ORDER
S. Kalyanam Member
1. This appeal is directed against the order of the Collector of Customs & Central Excise (Appeals), Madras, dated 10.5.88 rejecting the appellants’ claim for refund under Section 13 of the Customs Act, 1962, the “Act” for short.
2. The appellants herein imported four cases of spare parts for earthmoving equipment in or about 13th January, 1986 and the goods were cleared by the customs authorities for bonding from the Port Trust on 29.3.86. The goods were bonded at the appellants’ bonded store room at Tiruvallur, which is in the factory premises of the appellants, and were cleared by the appellants on 13.5.86. The appellants subsequently on 19.5.86 detected pilferage of most of the goods is one case and further found that the bottom plank of the package had been removed and the goods had been removed and then the package was re-packed. The appellants had a survey conducted in regard to this by Madras Insurance Surveyors, who also by their report dated 12.6.86 opined that the shortage could have been caused due to pilferage while the goods were lying at the Port Trust premises pending clearance.

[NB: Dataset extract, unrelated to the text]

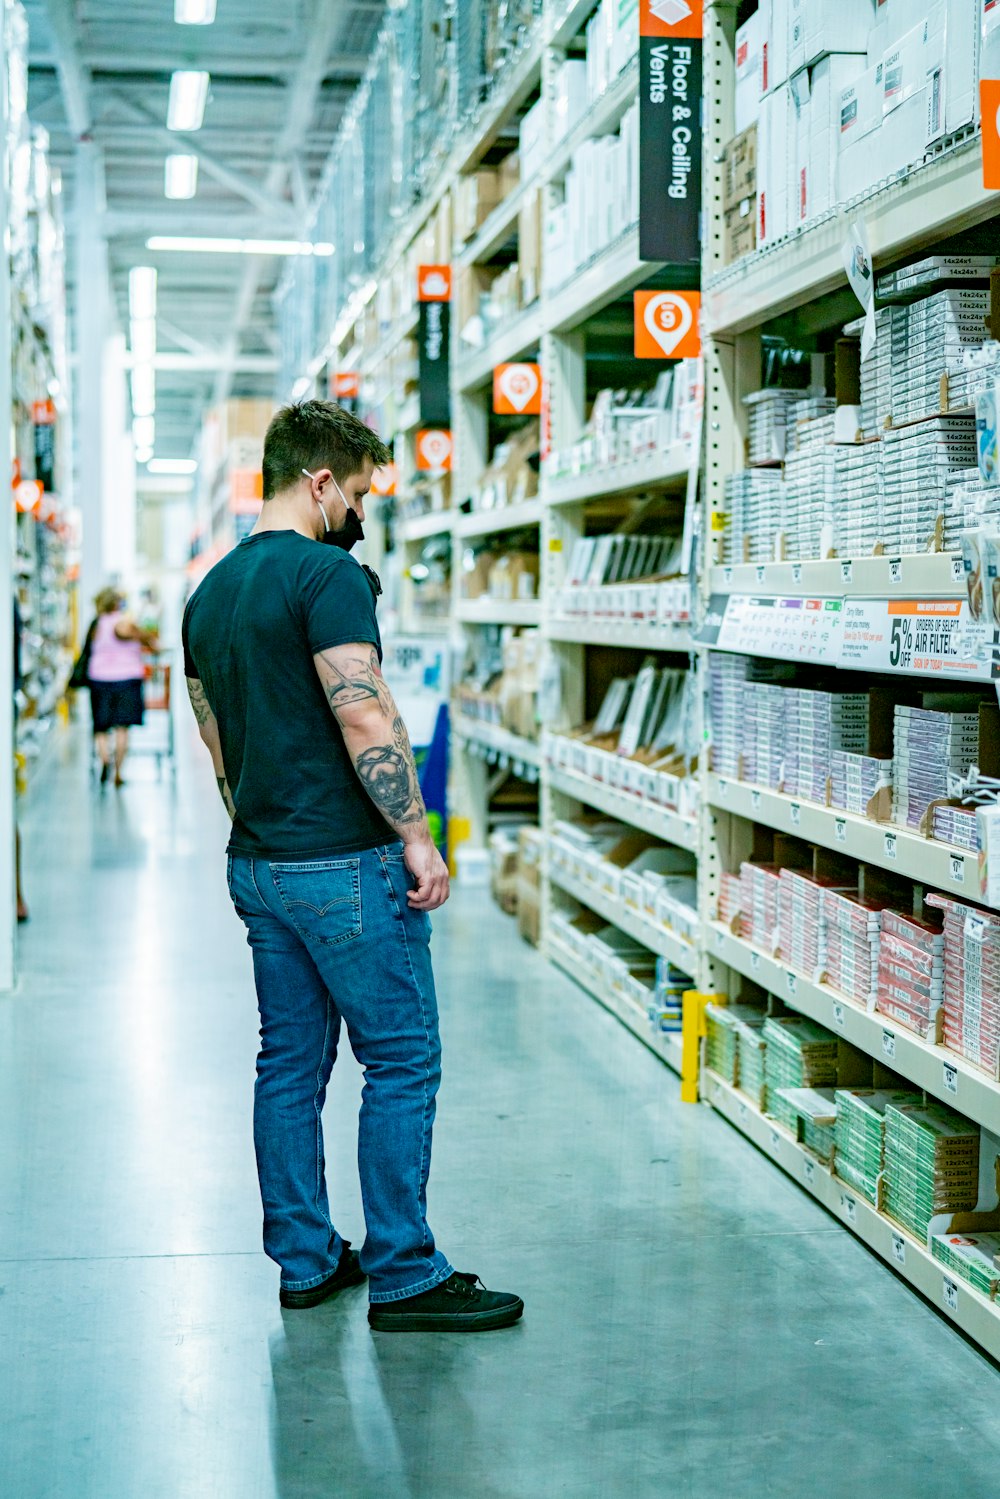 Un hombre parado en el pasillo de una tienda mirando artículos

3. Shri Chidambaram, the learned Consultant for the appellants, contended that Section 13 of the Act envisages pilferage of goods after the un-loading thereof and before the proper officer has made an order for clearance for home consumption and laid emphasis that the time at which the pilferage takes place would be of relevance in considering the scope of Section 13 of the Act and not when it is actually reported or noticed. The learned Consultant submitted that the appellants’ factory has a very tight security and, therefore, the pilferage, as evidenced by the Survey Report of the Insurance company, could have taken place when the goods were in the port area. The learned Consultant also placed reliance on the ratio of the ruling of the CEGAT in the case of B.R.T. Ltd. v. Collector of Customs, , and another ruling of the CEGAT in the case of Collector of Customs & Central Excise, Ahmedabad v. Sharma Metal Rolling Mills, Bhavnagar, reported in 1989 (20) ECR 343 (Cegat WRB).
4. Shri Vedantham, the learned DR for the Department, urged that there is no evidence to show that the pilferage took place when the goods were in the port area and before an order for clearance was given by the customs authorities. The learned DR also referred to the fact that the appellants did not immediately complain either to the Port Trust authorities or to the Police about the pilferage.
5. We have carefully considered the submissions made before us. The short question that arises for our consideration in the present appeal is with reference to the scope and applicability of Section 13 of the Customs Act, 1962 in the context of the facts and evidence in this case. Section 13 of the Act reads as under:-
Duty on pilferred goods.–If any imported goods are pilferred after the unloading thereof and before the proper officer has made an order for clearance for home consumption or deposit in a warehouse, the importer shall not be liable to pay the duty leviable on such goods except where such goods are restored to the importer after pilferage.
In the present case, as rightly contended by the learned D.R., the appellants have not been able to establish that the pilferage took place after the unloading of the goods and before the proper officer gave an order for clearance for home consumption or for warehousing. In the present case it is not disputed that the shortage was detected only on 19.5.86 by the appellants in their factory and in our view the surveyors are not competent to precisely indicate the time of pilferage and even in the certificate they have merely opined that “shortage could have been caused due to pilferage whilst the goods were lying at the Port Trust premises pending clearance, as was evidenced by a big hole found on one of side planks of the case involved (which was visible only from inside the cases as was noticed at the time of our survey) which was subsequently replanked cleverly so as not to show any visible signs of having been tampered with. “This is only purely an opinion of the Surveyors and that too on the basis of mere surmises and conjecture without any acceptable precise evidence to pin-point or focus the time of pilferage so as to bring it within the mischief of Section 13 of the Act. The rulings of CEGAT referred to by the learned Consultant have no application to the facts of this case and are not applicable as the CEGAT in the case of B.R.T. Ltd. cited supra has only gone into the applicablity of Section 23(1) of the Act particularly as to whether the expression “lost or destroyed” in Section 23 of the Act is used in the generic and comprehensive sense including loss due to theft or pilferage. The ruling in Sharma Metal Rolling Mills case cited supra only deals about the acceptability of private survey report in the context of that case. Therefore, on consideration of the entire evidence on record, we are of the view that the refund claim is not brought within the mischief of Section 13 of the Act and, therefore, has been rightly rejected by the authorities below.
In this view uphold the impugned order appealed against and dismiss the appeal.